Sebastian Thomas @ neue fische Bootcamp Data Science
(datascience at sebastianthomas dot de)
This was my first project at the neue fische Bootcamp Data Science. It was centered around exploratory data analysis techniques and simple predictive analysis using ordinary linear regression. After the bootcamp, the analysis was extended.
The instances in the data set represent house sales. The task is to describe the impact of the given features on the house sales prices resp. to predict the latter with machine learning methods.
We have the following key insights:
- The distribution of house sale prices is left modal, with a median of about 0.5 million US Dollars.
- Location has a big impact on house sale price as can be visualized by the median house sale prices grouped by the zipcode:
The area with the highest housesale prices is Medina with zipcode 98039, a city in Eastside in the metropol region of Seattle.
- There is a rough linear relationship between the living space area and the house sales price.
- While there is a rough linear relationship between house condition and the house sales price, the quality of the interior (design/materials) has an exponential impact on the house sales price.
- The better the view, the higher the house sales price. Most properties don't have an extraordinary view.
- If the house is on a waterfront, the median house sale price increases about 1 million US Dollars.

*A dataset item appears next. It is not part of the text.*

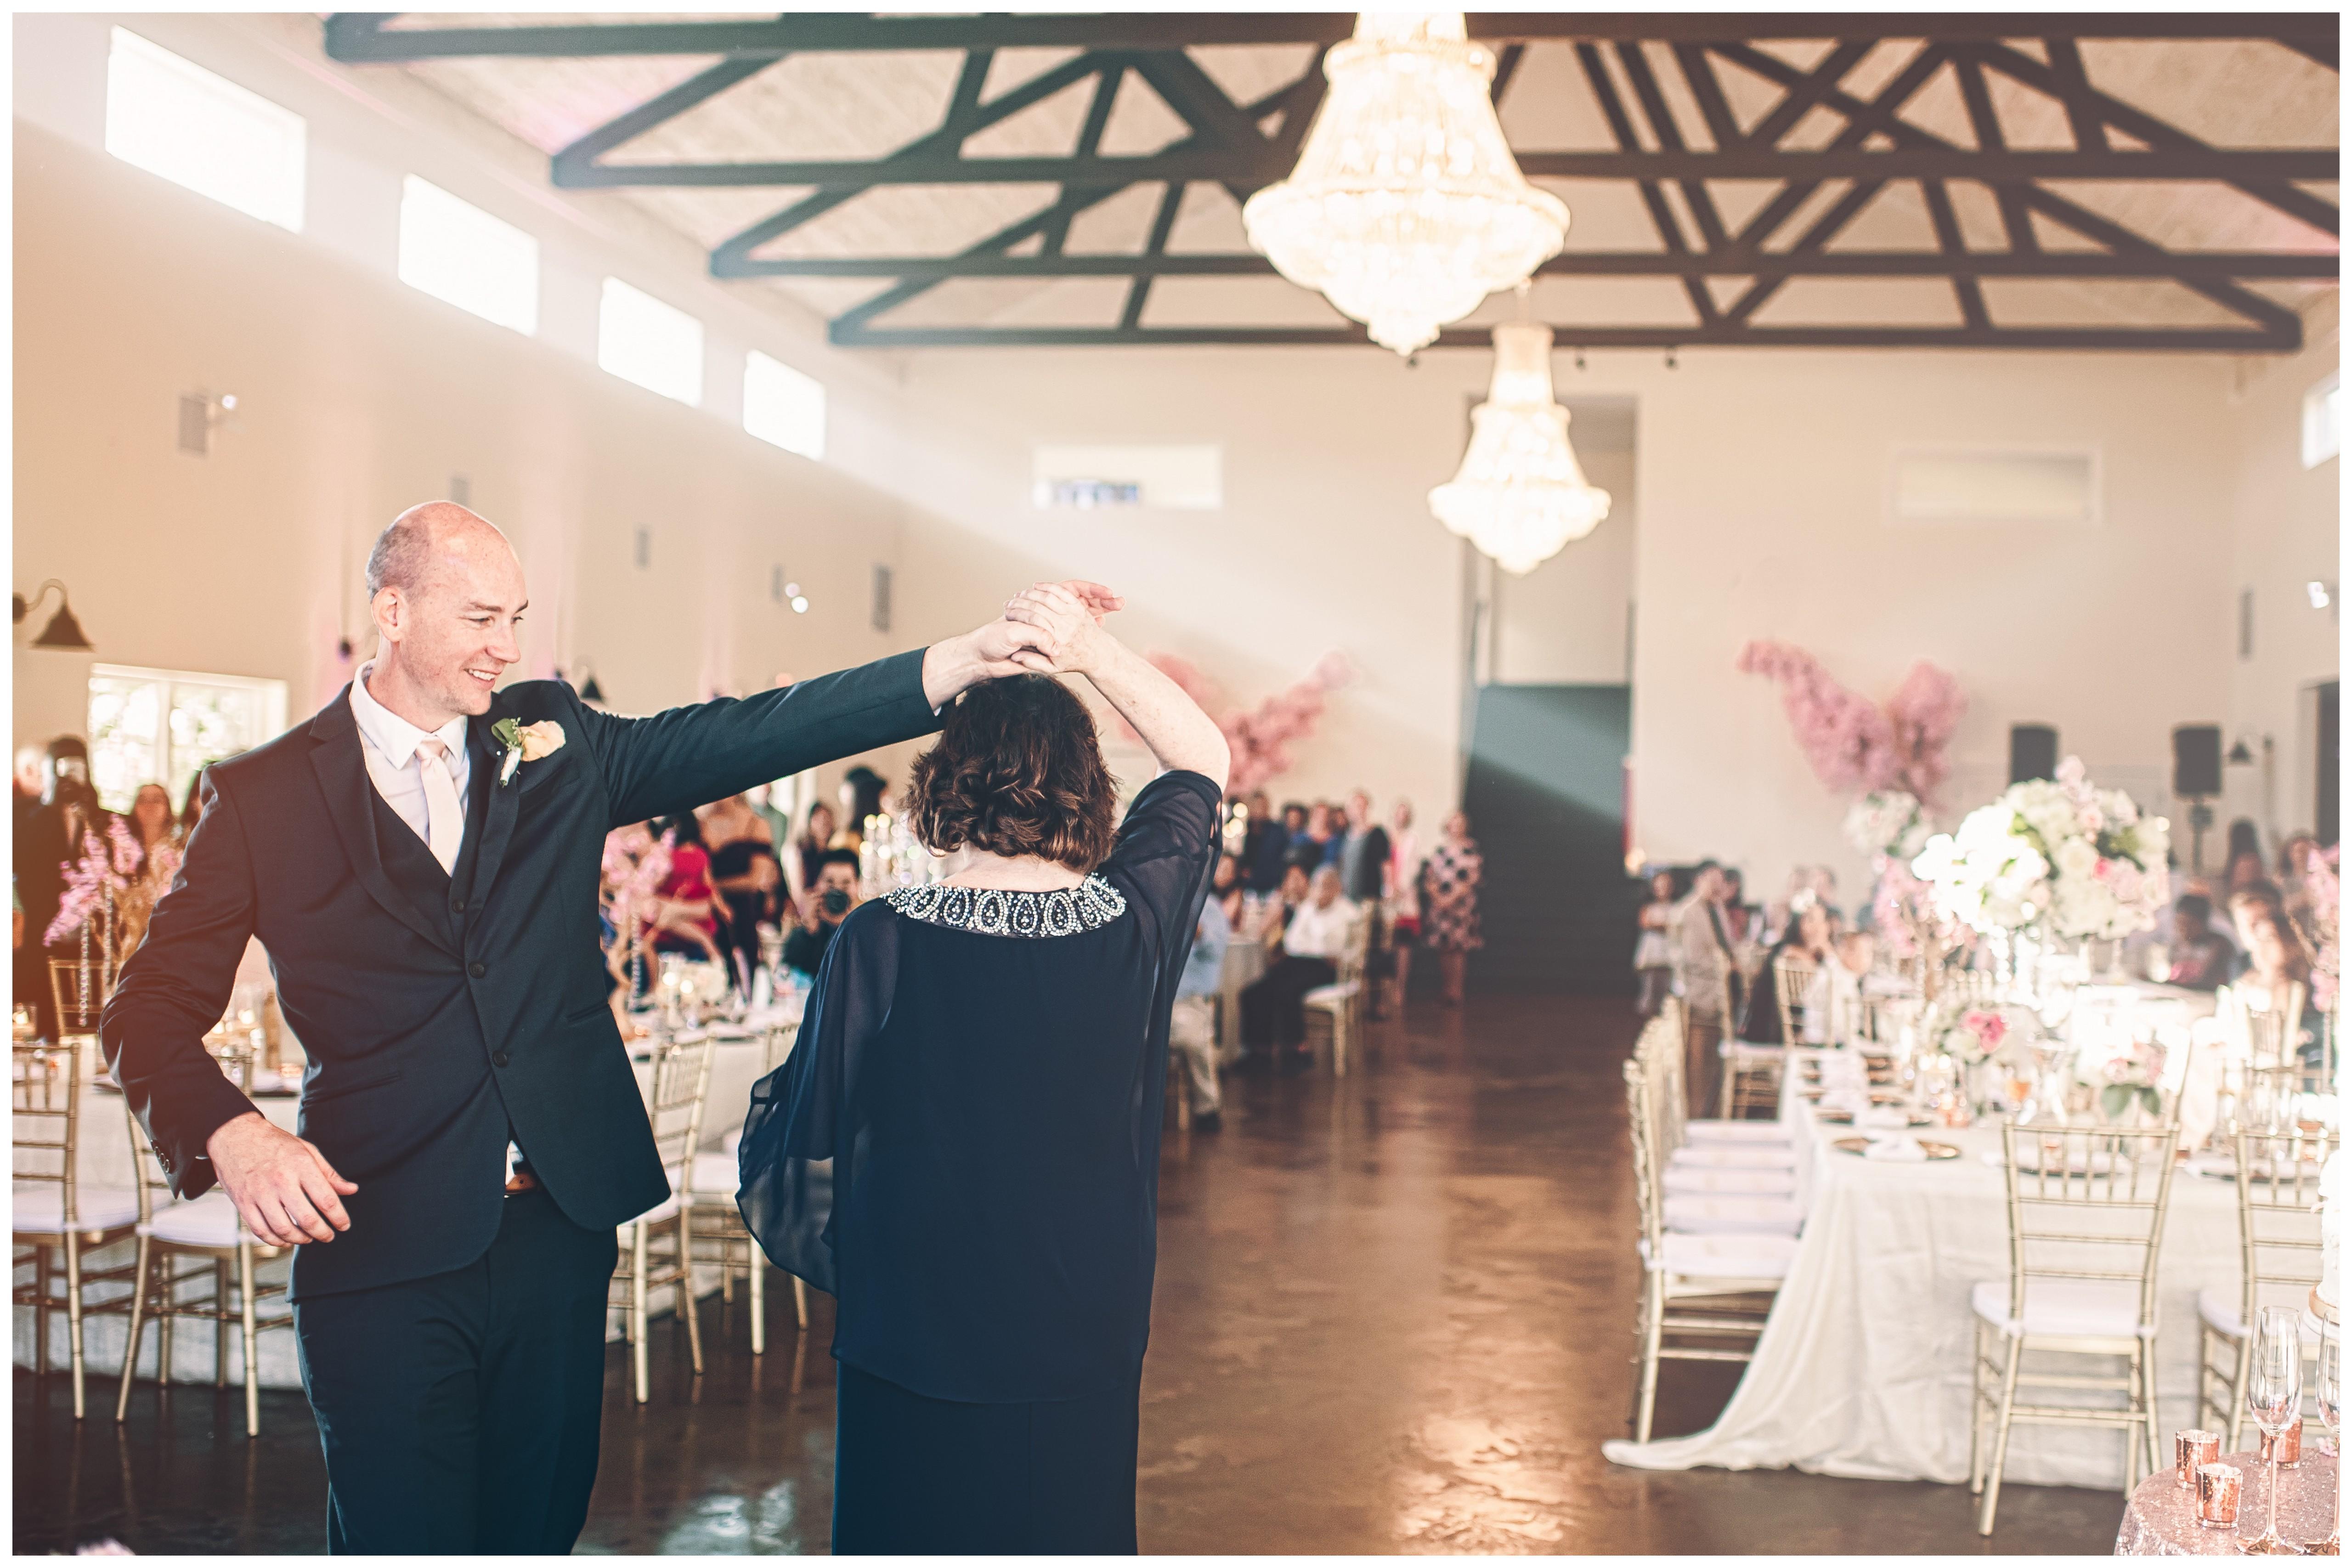 LIVE_FINAL_WEDDING_ANDREW_THERESA5

- The average error of the predictive model is about 12% (mean absolute percentage error) resp. $ 37,000 (median absolute error).
- Part 1: Data mining
- Part 2: Data cleaning
- Part 3: Feature engineering
- Part 4: Exploratory data analysis
- Part 5: Predictive analysis
- Part 6: Visualization
- try more regression algorithms
- try more ensemble methods
- try more feature selection methods
- try artificial neural networks